Из числа 23 человек самых разнообразных характеров и званий: офицеров, солдат, чиновников, которые потом как в тумане представлялись Пьеру, в памяти его остался навсегда[112] унтер-офицер Томского полка, взятый французами[113] в гошпитале, с которым он особенно сблизился. Унтер-офицера этого звали Платон Каратаев. Он был тамбовец и говорил тамошним говором, выговаривая ц вместо ч.[114] В воспоминании Пьера этот человек остался олицетворением всего русского, доброго, счастливого и круглого.[115] Голова у него была совершенно круглая, как большой мяч.

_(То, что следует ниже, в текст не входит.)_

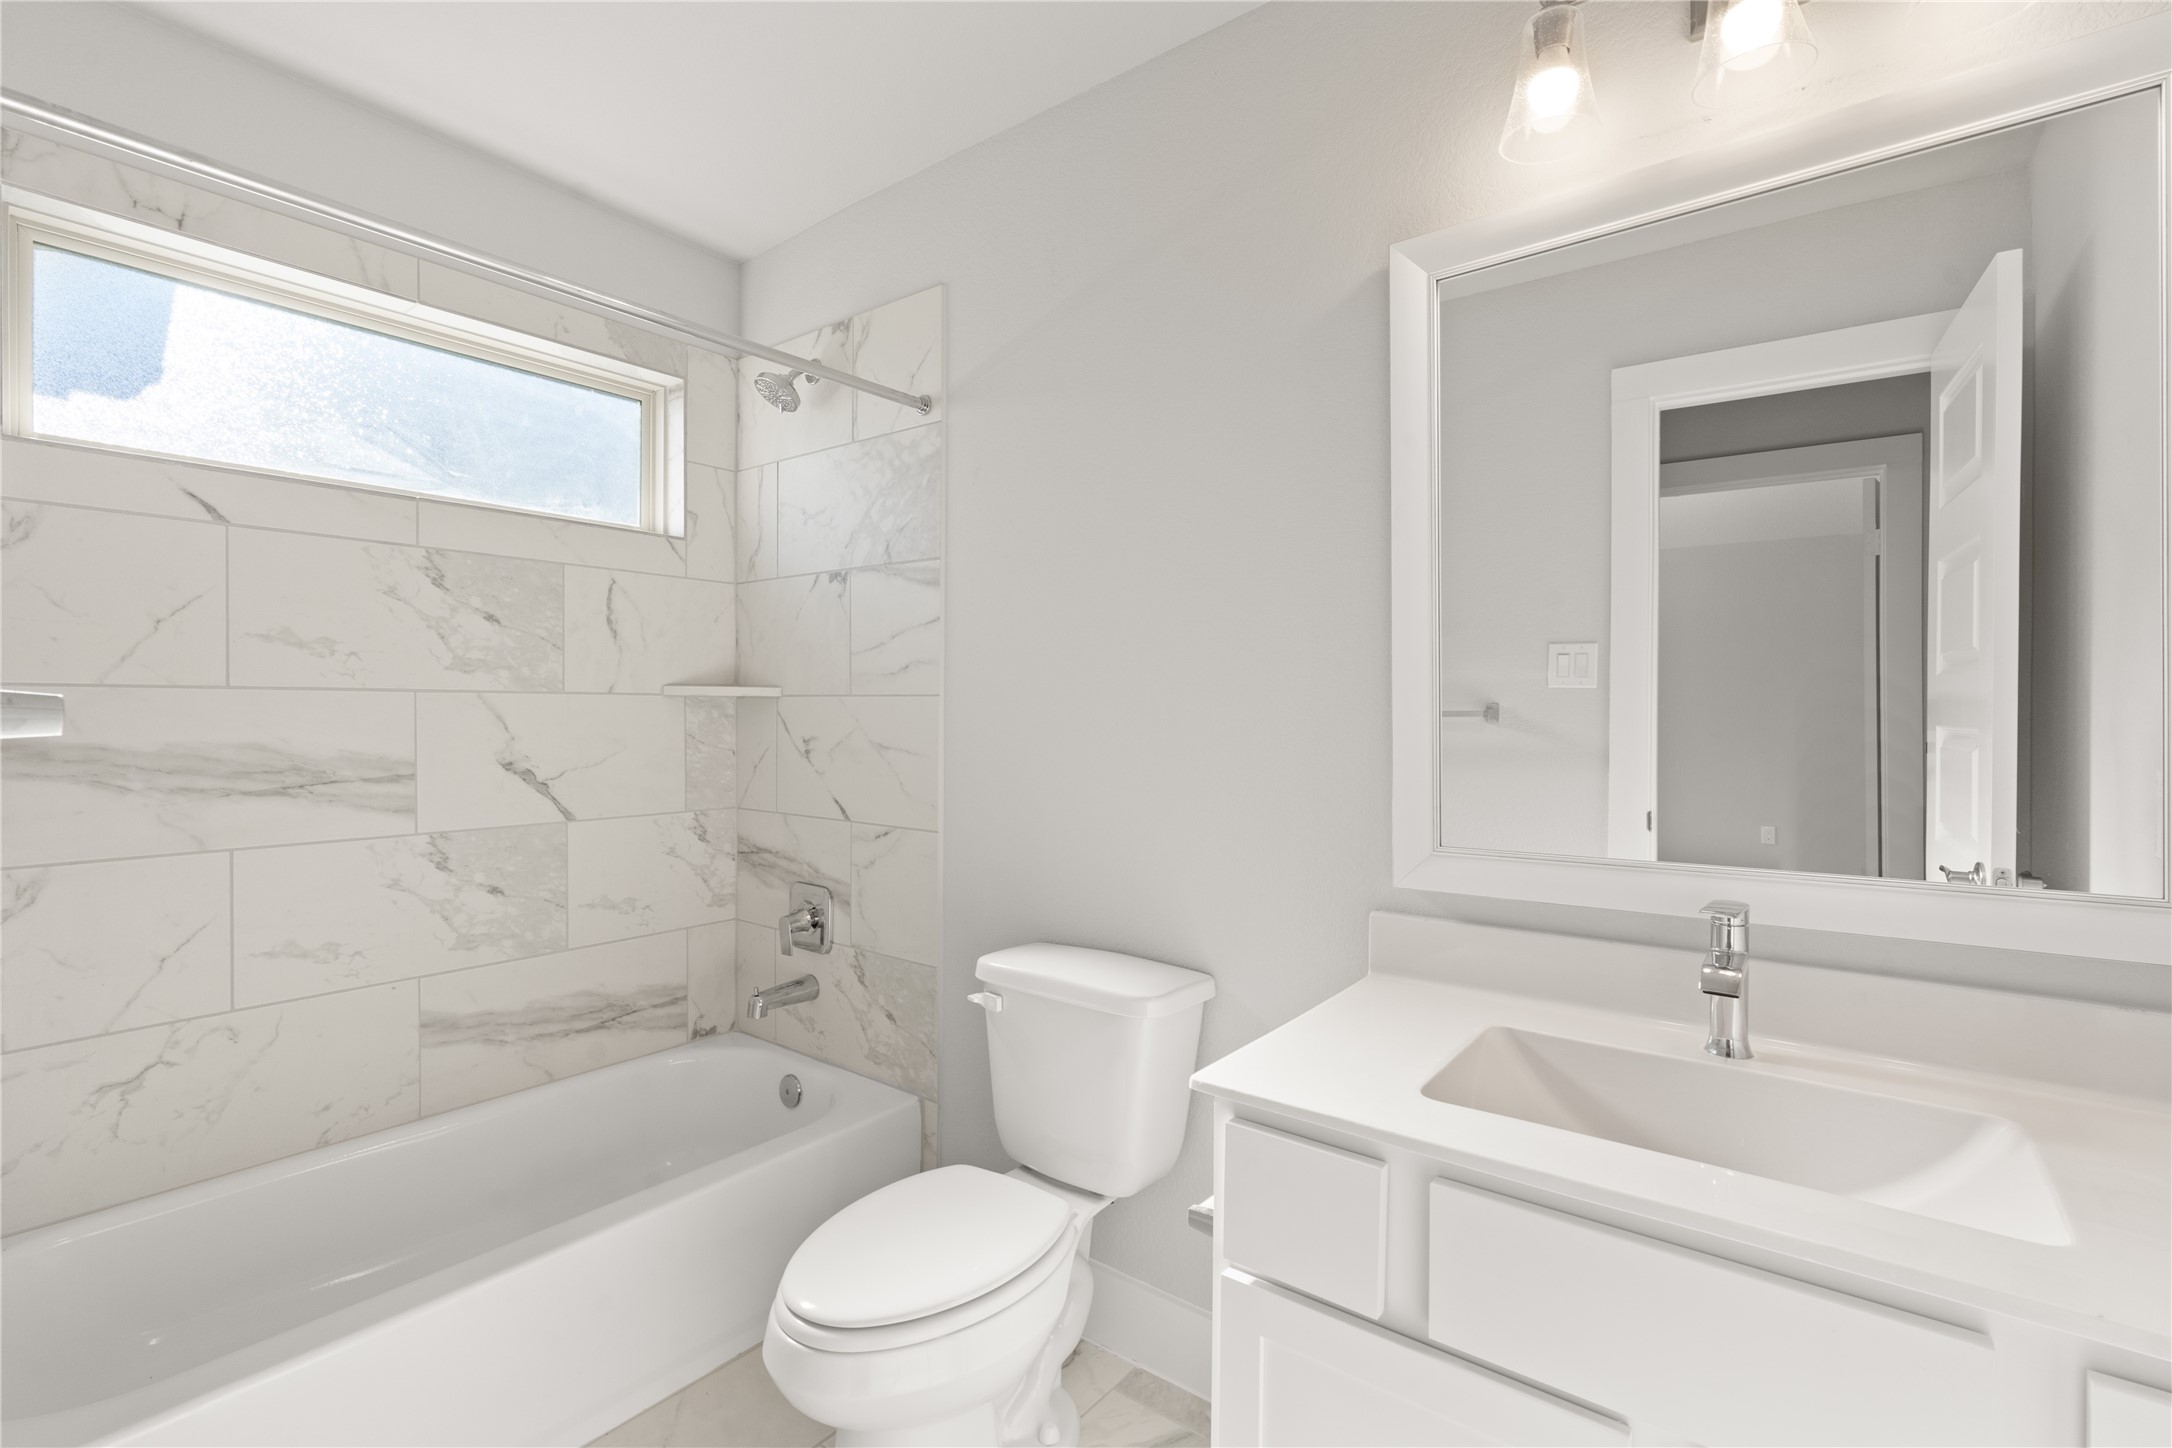 Secondary bath features tile flooring, bath/shower combo with tile surround, white stained wood cabinets, beautiful light countertops, mirror, dark, sleek fixtures and modern finishes.

Глаза, очень приятные, большие, карие, были[116] круглые, усы и борода, отрастая вокруг рта, составляли круг, рот[117] раскрывался овалом, близким к кругу, волоса вокруг лба всегда имели вид круга, руки[118] пухлые были почти круглые, плечи округлялись в спине,[119] грудь была высокая, округленная, руки он всегда носил в округленном положении, как будто готовился обнять что-то.[120] Все морщины на его лице — около глаз и рта были круглые. Он был невысок ростом. Зубы, ярко белые, крепкие, которые все выкатывались своими двумя полукругами, когда он смеялся (что он часто делал), были все крепки, ни одного седого волоса не было в его волосах и бороде, но по рассказам его о[121] походах, в которых он участвовал 10-летним солдатом, ему должно было <быть>[122] гораздо за 50 лет.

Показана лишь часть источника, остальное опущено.